One of the most underappreciated aspects of AI trust and safety efforts is the critical importance of bringing in external experts who are not just outside of the company building the LLM, but outside of the core trust and safety community itself – applied SMEs rather than T&S SMEs. Perhaps the single most striking aspect of our work with the generative AI community over the past few years and especially over the past year and a half is the sheer volume of P0's we uncover each week in the world's most-used GenAI systems, with many of these issues having been a dedicated focus of massive red teaming efforts bringing together some of the world's most recognized names in AI T&S, vast armies of academics and red teamers and some of the top SMEs in those specific subcategories. Given the sheer investment and star power devoted to many of the areas we uncover P0's in each day, how could we be uncovering this many existential issues? The answer: because the GenAI community today is focusing too heavily on a cottage industry of T&S & SME expertise suffering from increasingly narrow groupthink for its reviews and not nearly enough on those power users who are applying these models to real world content under real world conditions to answer real world questions in the real world.
As but one example, we were recently testing the advanced analytic and reasoning capabilities of a top LMM. In the course of our testing, we uncovered something strange: our test suites flagged a troubling behavior – when asked whether a given image was a deep fake or had been altered in any way, it would systematically flag as deep fakes real images depicting certain politicians or topics, while systematically reporting as completely authentic legitimate deep fakes of other politicians and topics. Worse, it would hallucinate that it had run various real-world deep fake and alternation detection software packages and report various actual metrics from those tools – none of which it had run on the image, but which made its prognostications all the more authentic-seeming and frightening. In short, take the latest very real viral negative social media image about politician A and ask the model whether it is real and it will answer definitively and with copious evidence that the image was faked, while asking about an actual deep fake of politician B will yield an answer that the image is entirely authentic and not faked – with grave implications to elections and maintaining an informed electorate.
In conversations with this company after reporting this P0, who to their credit escalated it immediately as a show-stopping issue, we learned much to both our and the company's surprise that this exact scenario had been the subject of massive red teaming that had brought together a star-studded cast of academics, consultants, SMEs and T&S experts who had eventually signed off that this scenario could never happen based on all of their work. Yet, it took us less than 60 seconds to identify it in our most basic test suite. What explains this?

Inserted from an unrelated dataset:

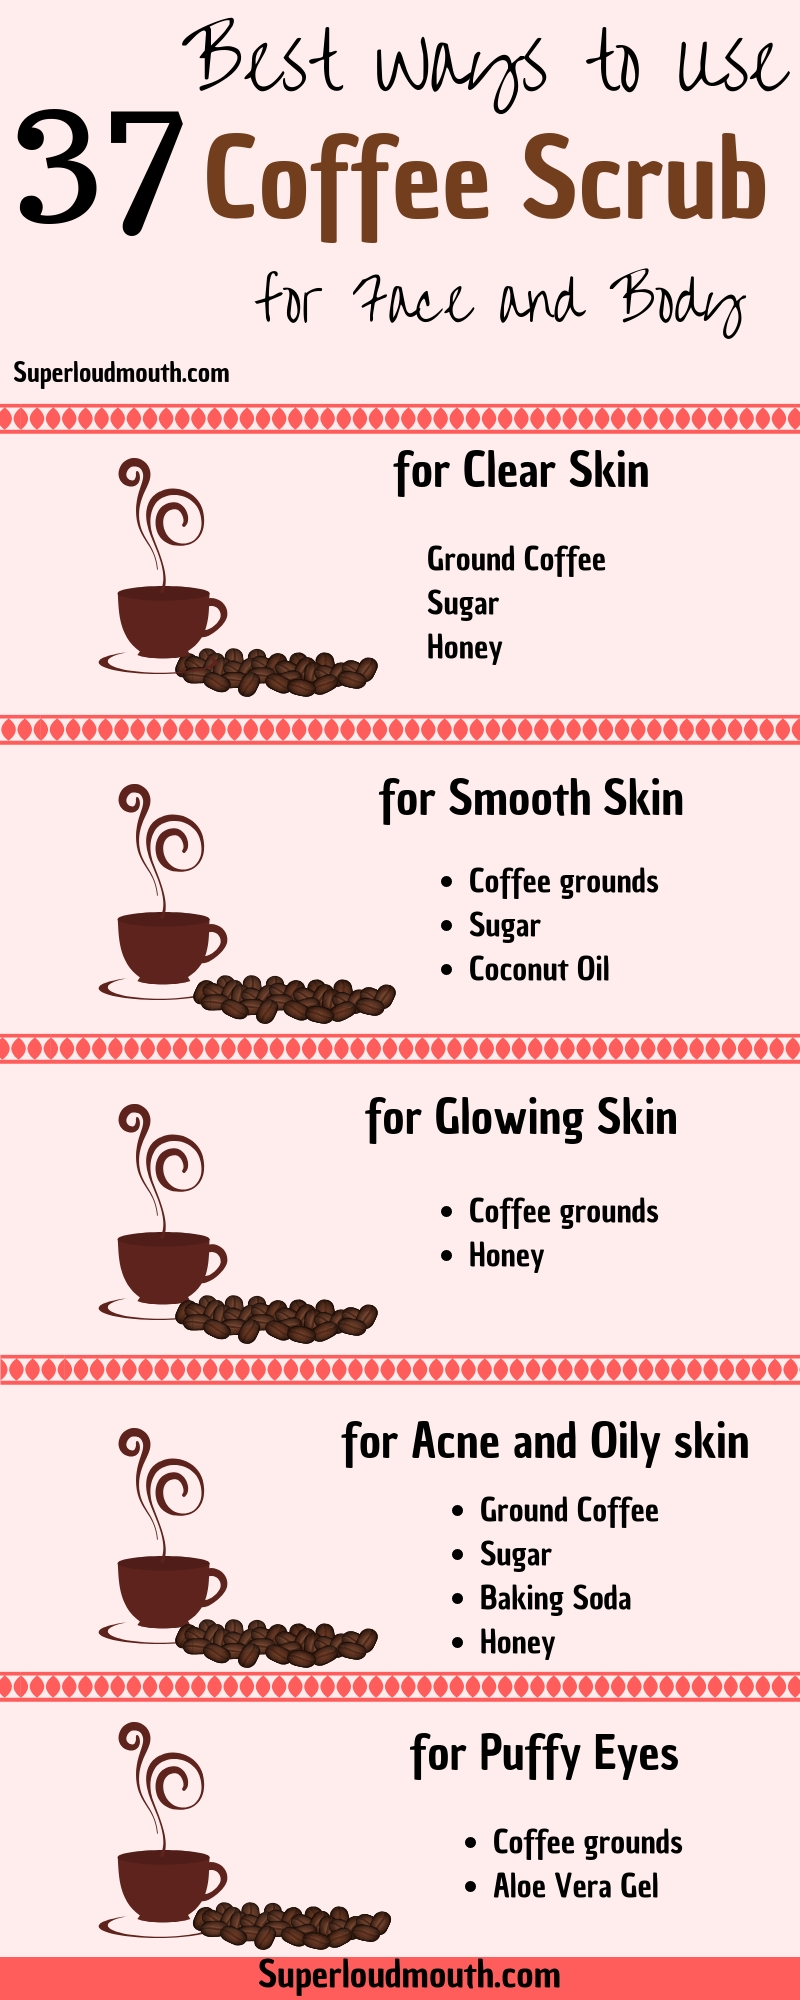 37 Best ways to use coffee scrub for face and body

As we dove further into this issue with the company and examined the actual prompts and scenarios that had been examined by all these luminaries in their reports, we found something fascinating: for all their trust and safety, disinformation and elections expertise, none of them had thought to test what would happen if a user asked whether an image was a deep fake for different politicians and topics, having wrongfully assumed that the narrow set of prompts they tested were representative of the model's entire performance on the topic – an oversight that any genai T&S expert should have been only all too familiar with.
So what explains this?
The answer is that too much of the red teaming and AI T&S efforts today are being left to a community that is increasingly suffering from groupthink and increasingly examining models along similar kinds of adversarial lines of reasoning that leave the resulting safety mitigations exceptionally brittle and reflective of a very specific way of thinking.
How do we fix this?
While companies should continue to engage with the AI T&S community, continue to collaborate with academics and continue to work with SMEs, for AI systems to truly begin to address the deeper issues that plague current generative models, they must engage far more closely with their applied user communities – those who are actually using these models in the real world and see how they actually perform each day on content that represents the full rich diversity of out entire planet.